No i takiego też nic nie twierdzę. Jak na serio wiem jaka jest jest relacja pomiędzy tymi rzeczami.. religia polega na wierze w prawdziwość pewnej doktryny religijnej.A sama wiara może też istnieć bez doktryny i bez religii.

 

w którym nie ma żadnych konfliktów wartości,....- nikt tak nie żyje.
No jeśli to mają być szczęśliwi wierzący, wypadało, by żeby konfliktów na tle religijnym nie było( nie wnikając nawet, czy wynika to z wyparcia tych konfliktów, czy z ich nieświadomości). Nie ma? Potwierdzają, że nie mają takich konfliktów, czy raczej o tym nie mówią?

 

Ogólnie współczuję, bo z takimi przekonaniami rzeczywiście można się męczyć.
Dziękuję. A jakieś konstruktywne rozwiązania mi zalecisz?

 

Co do pieniędzy - w każdej organizacji członkowie płacą składkę członkowską, a Kk jest zdaje się jedyną organizacją, gdzie ta składka jest dobrowolna.
Krk jest akurat taką organizacją, na której utrzymanie muszą łożyć nawet ludzie nie będący członkami tej organizacji...

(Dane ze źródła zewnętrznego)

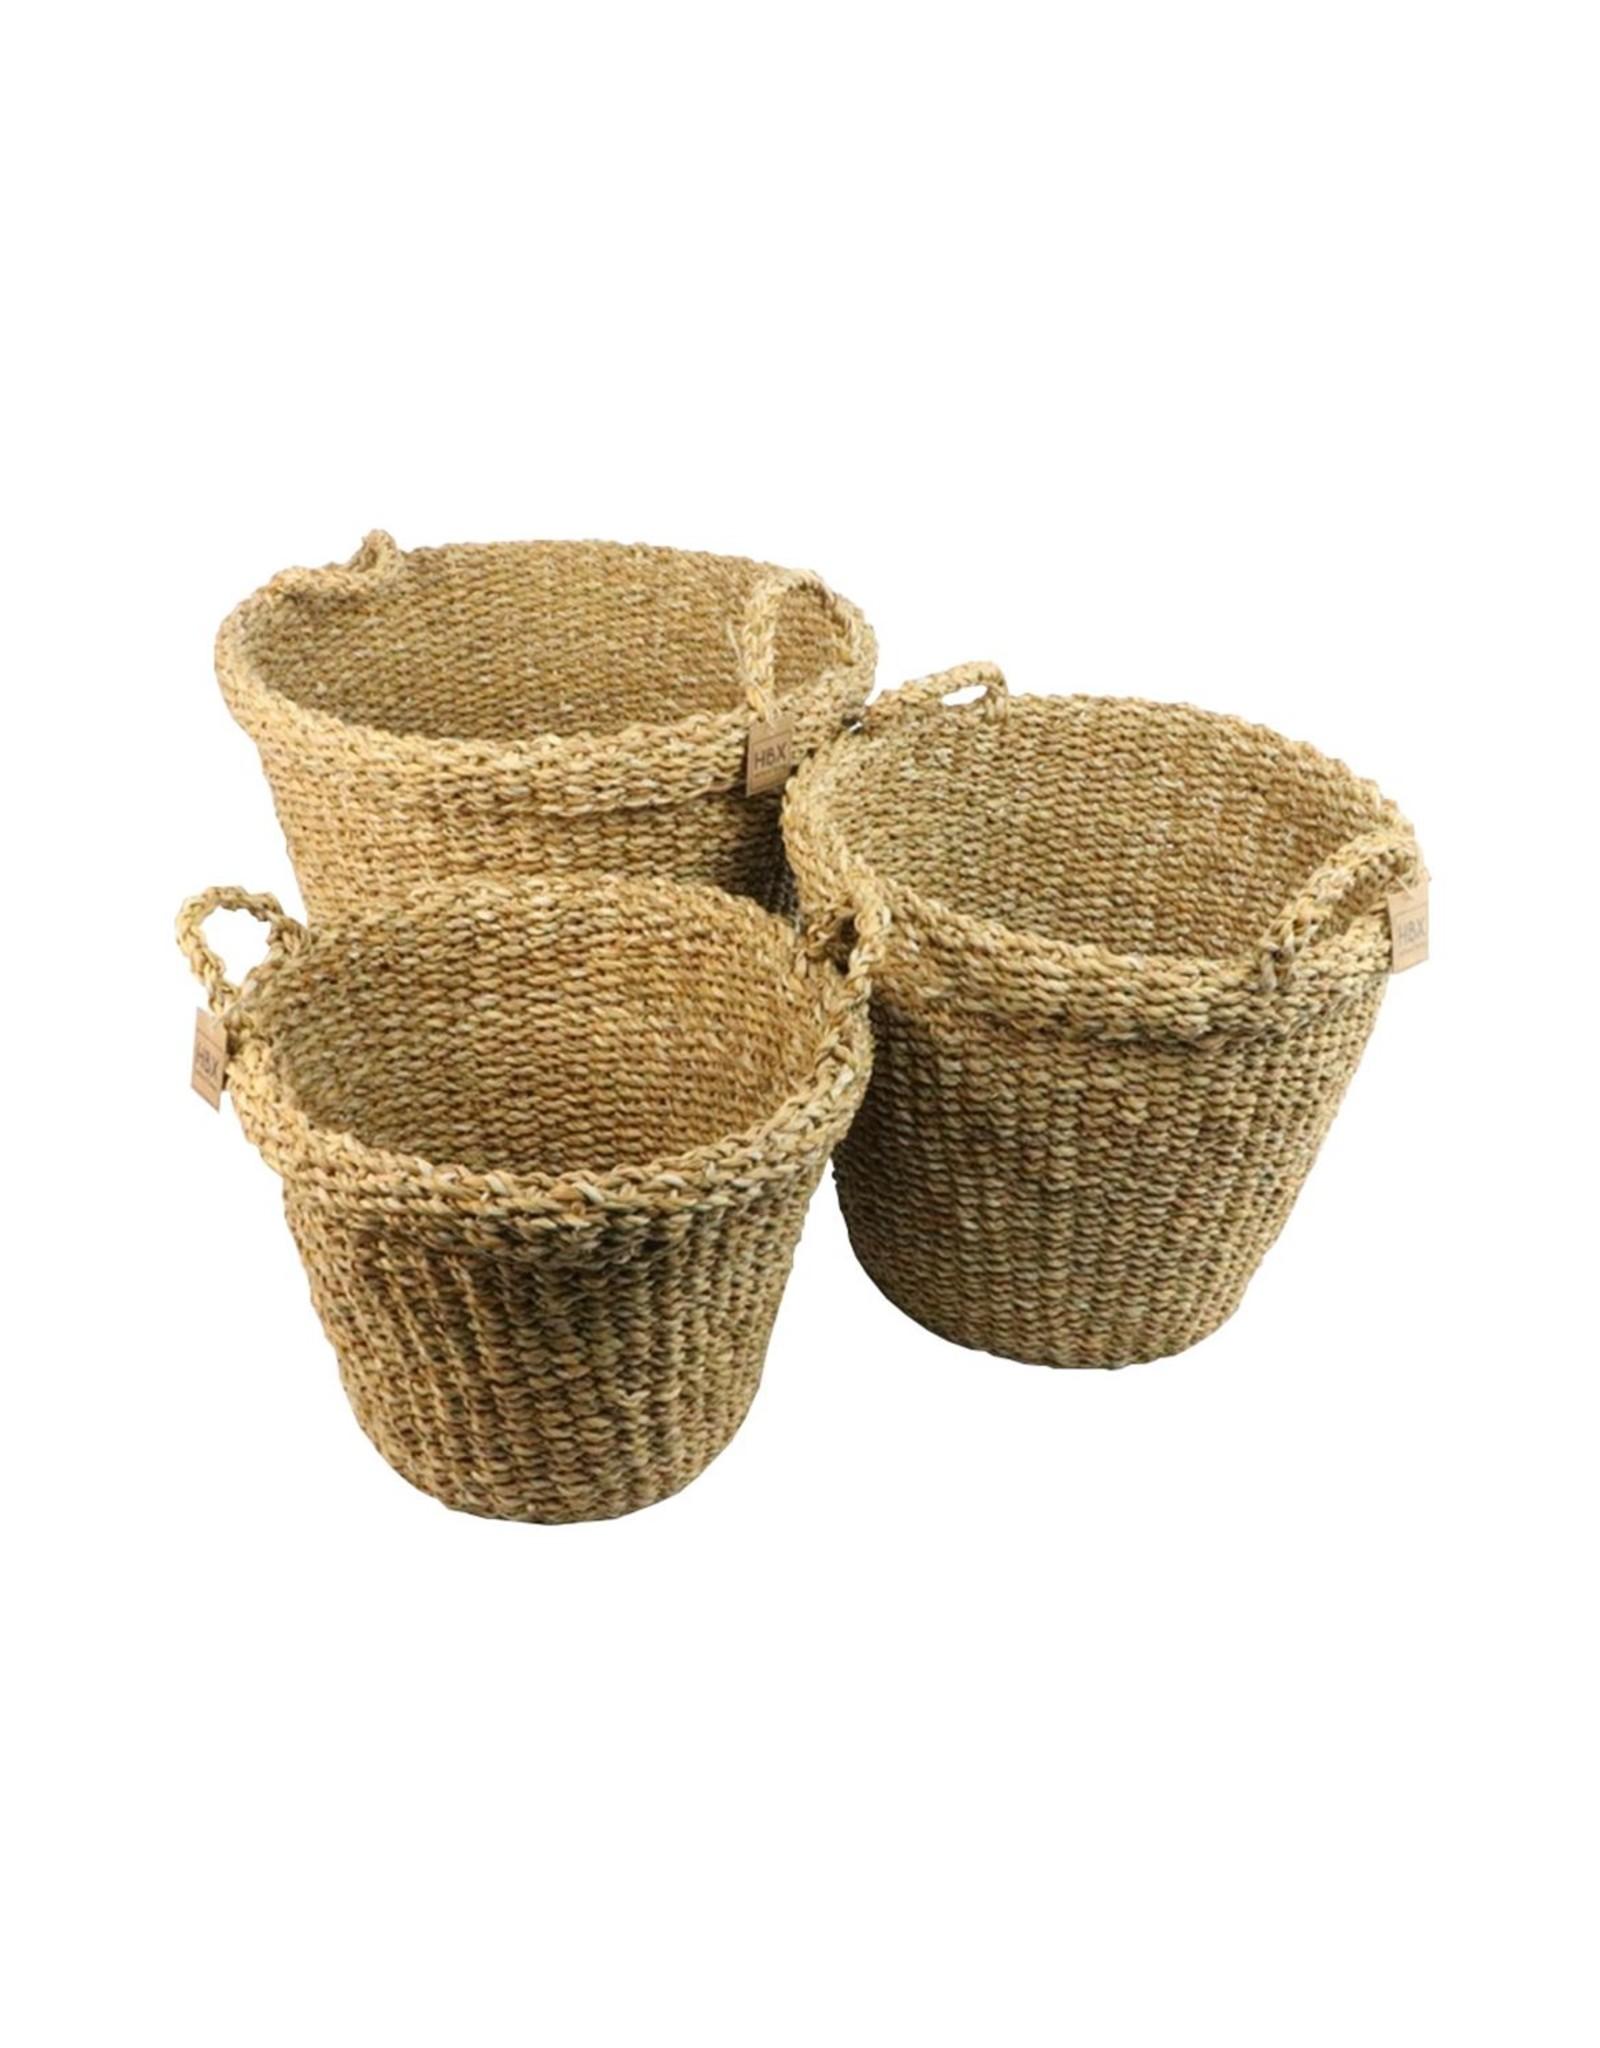 HD Bask. Manatee Grass S/3 (x 1)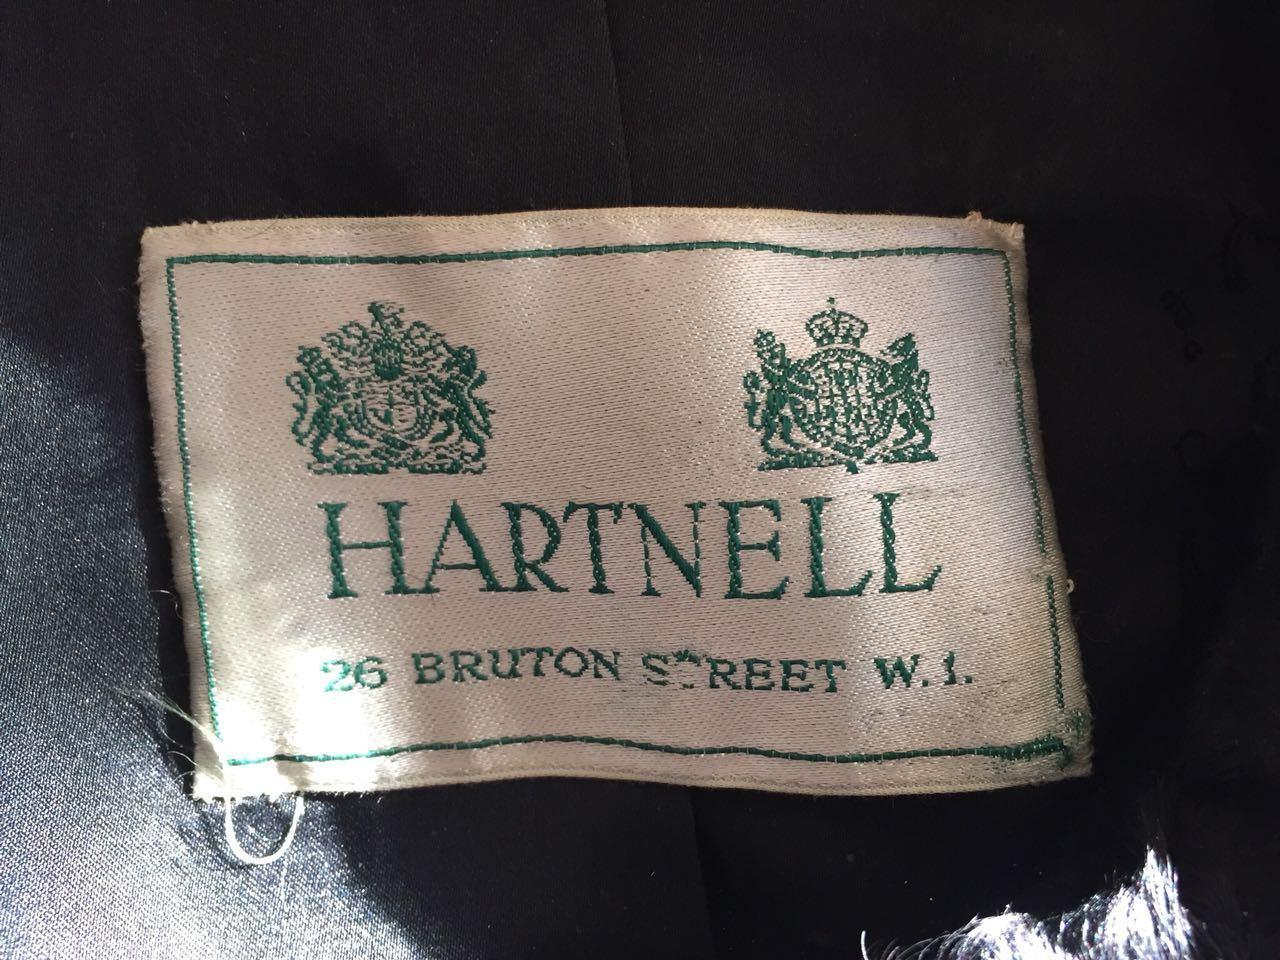 Hartnell designer coat/fur SZ SMALL MEDIUM - image 3

A wszystkie najgroźniejsze sekty, to takie, które tak potrafią zmanipulować ludźmi, żeby Ci płacili im "dobrowolnie", bo wszędzie tam gdzie się coś wymusza na ludziach, tam szybko wkraczają paragrafy karne i sekta się kończy, a sprawnemu guru, nie o to przecież chodzi....:P

 

Więc cieszę się, że tak mnie zmanipulował, że relacja z Bogiem stała się dla mnie radością, inspiracją i podporą w trudnych momentach.
A do czego był Ci klecha w tym potrzebny? Mam nadzieję, że chociaż mercedesa mu jeszcze nie kupiłaś z wdzięczności, ale w sumie przecież Ty to robisz dobrowolnie...to następnym razem przyjdź do mnie, zapewniam Cię, że ja też umiem nawijać proreligijnie i nie oczekuję mercedesa za to!.. bmw mi wystarczy.;)

Udostępnij tę odpowiedź


Odnośnik do odpowiedzi
Udostępnij na innych stronach

wyjaśniłam, że w Krk papież dysponuje taką władzą, mało tego wg programu Krk, jest jeszcze nieomylny w pewnych kwestiach!

 

Wyjaśniłaś? Właściwie co wyjaśniłaś? Twoje wypowiedzi niczego nie wyjaśniają. Teoretycznie papież posiada ogromną władzę nad kościołem, ale w praktyce różnie to wygląda. Szczególnie jeżeli zna się historię kościoła to już w ogóle bywa ciekawie. Władza papieska polega na uznaniu przez lokalny episkopat władzy zwierzchniej kurii papieskiej. I jest to dobrowolny wybór, zawsze można zostać jak to się po soborze mówi - w ramach polit-poprawności rzecz jasna - "braćmi odłączonymi". W praktyce historia, nawet najnowsza, kościoła pokazuje, że jeden arcybiskup może zrobić niezły rozpiernicz na poziomie kraju (może nawet i kościoła powszechnego...), ba! Nawet jeden prezbiter może narobić zamieszania w diecezji, jeśli oprze się na swoich "widzeniach".

 

Zrozum, że władza władzą, ale żadna władza nie istnieje realnie bez podporządkowania się jej.

 

Nieomylność papieża dotyczy tylko wykładni wiary, ale fundamentalnych dogmatów nie może zmienić.

 

Skończ już z tym udowadnianiem domniemanego sekciarstwa K-r-K. Oczywiście można bardzo mocno się starać się to argumentować, ale na wysokim poziomie abstrakcji i emocji, a nie faktów.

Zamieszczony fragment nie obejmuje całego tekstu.